Wait. Who is this guy? Oh yeah, okay. It’s Gregory Pincus over at GottaBook. Who up and shaved on us.

In case you missed it, Greg will be celebrating National Poetry Month in a big ol’ way with 30 Poets/30 Days. Read all about it here, including his all-star poet line-up, but bottom line is that he’ll be posting a previously unpublished poem by a different poet for each day in April. You gotta love that. Jack Prelunsky launches Greg’s event today with “A Little Poem For Poetry Month.”

* * *

The honorable Tricia Stohr-Hunt of The Miss Rumphius Effect features Poetry Makers, in which she’ll be interviewing thirty-six rock-star poets during the month of April.
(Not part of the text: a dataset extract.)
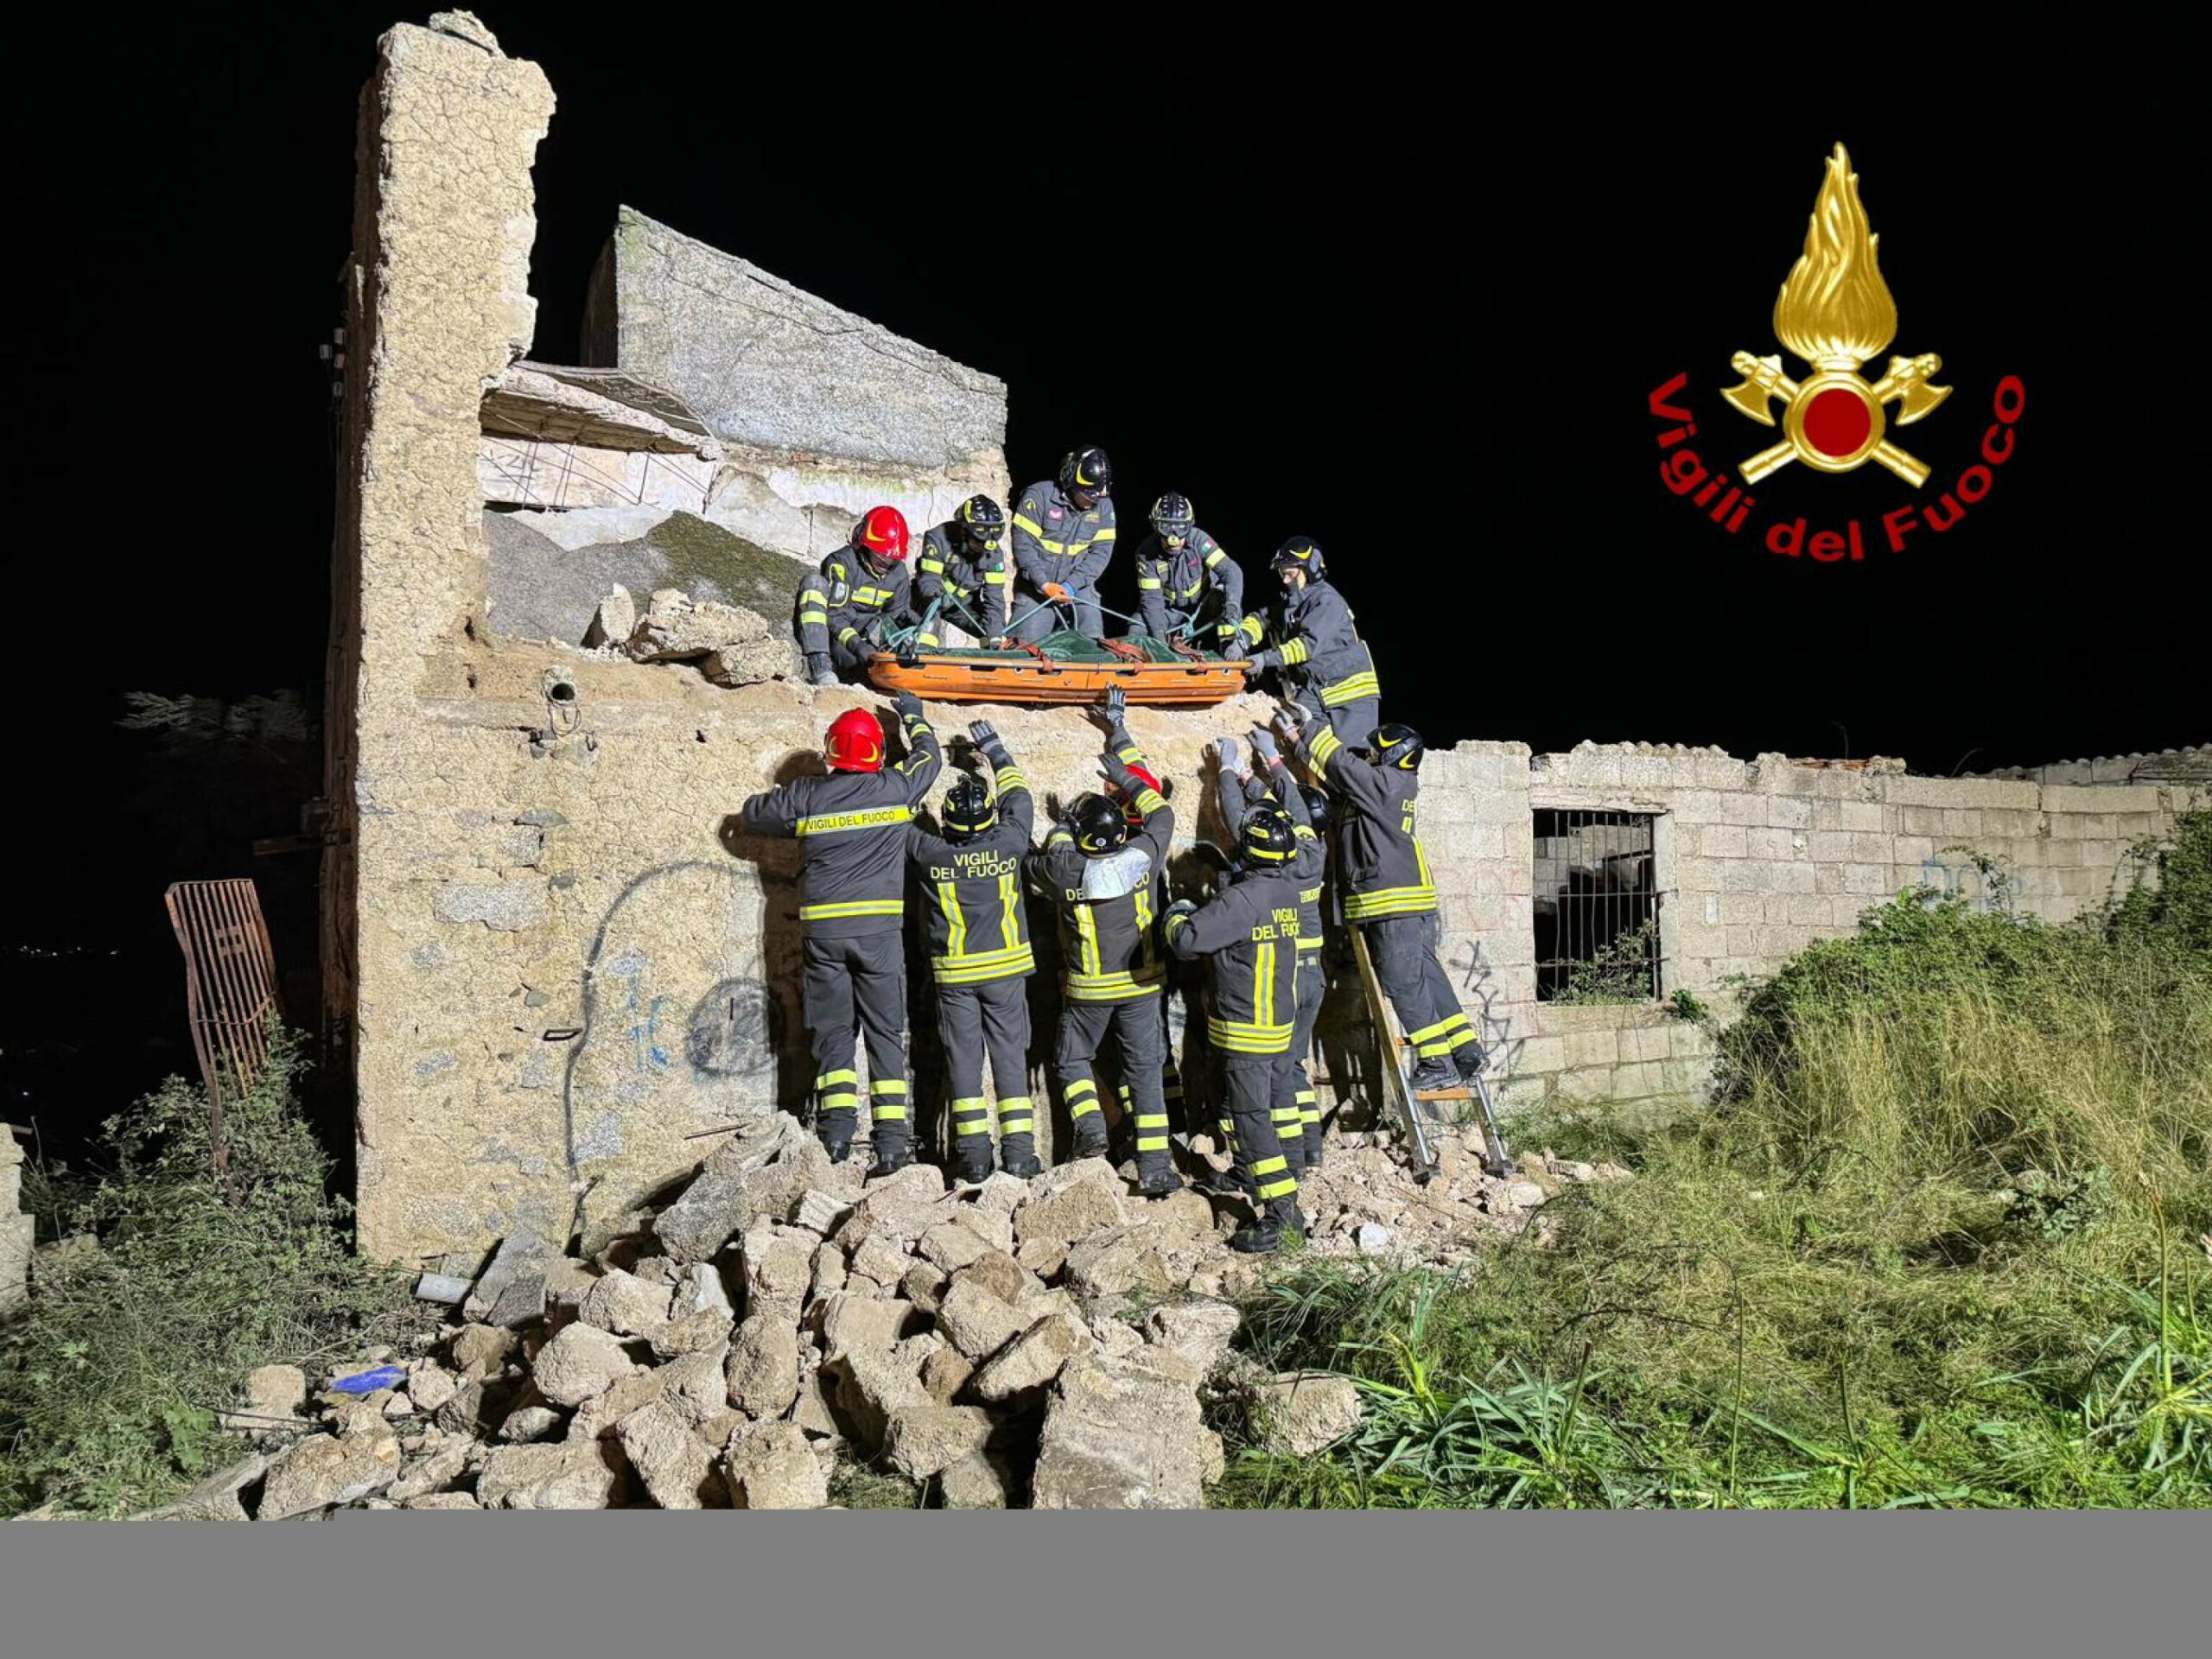  ‣ adn24 nuoro | crolla il tetto di una casa abbandonata, morti 2 bambini che stavano giocando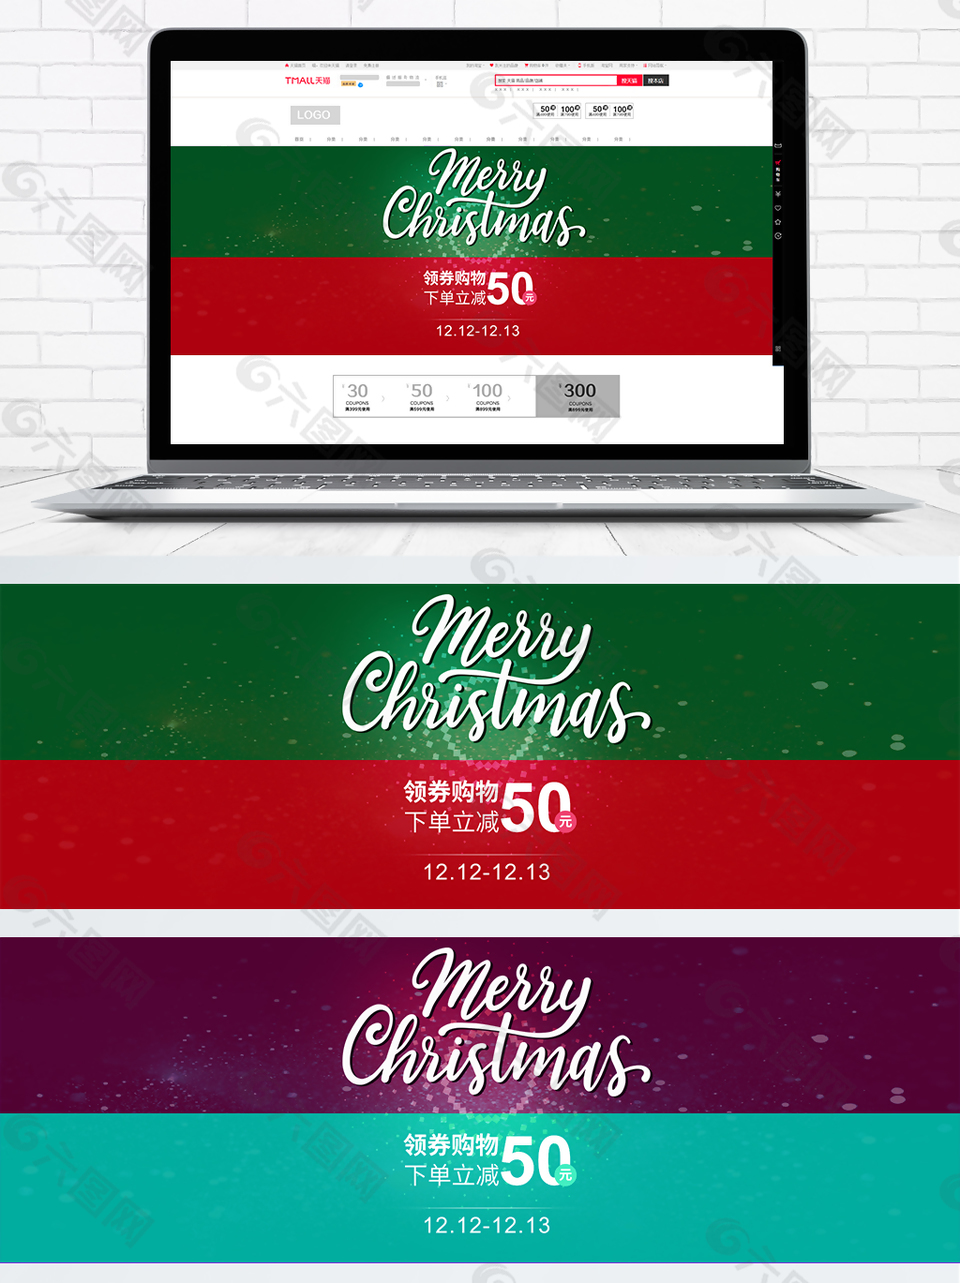 2018年圣诞节促销下单立减5折海报

The schedule’s here. How fabulous is that? Very, I say.

* * * * * * *

The multi-faceted Farida Dowler of Saints and Spinners and Minh Le of bottom shelf books (whose response to the curse-word Pivot question back in August 2007 remains my all-time favorite one and which is not appropros to this post, so I apologize) are hosting—starting today!—a children’s-book-sequels contest that calls upon the abundant creativity of their readers. It is entitled, not surprisingly, Unnecessary Children’s Book Sequels That Never Were. (What? You’ve never heard of the doomed, downright DISASTROUS sequel to Wanda Gág’s Millions of Cats, the recently discovered Millions of Rats? Well, head on over to Farida’s site to read about it today.)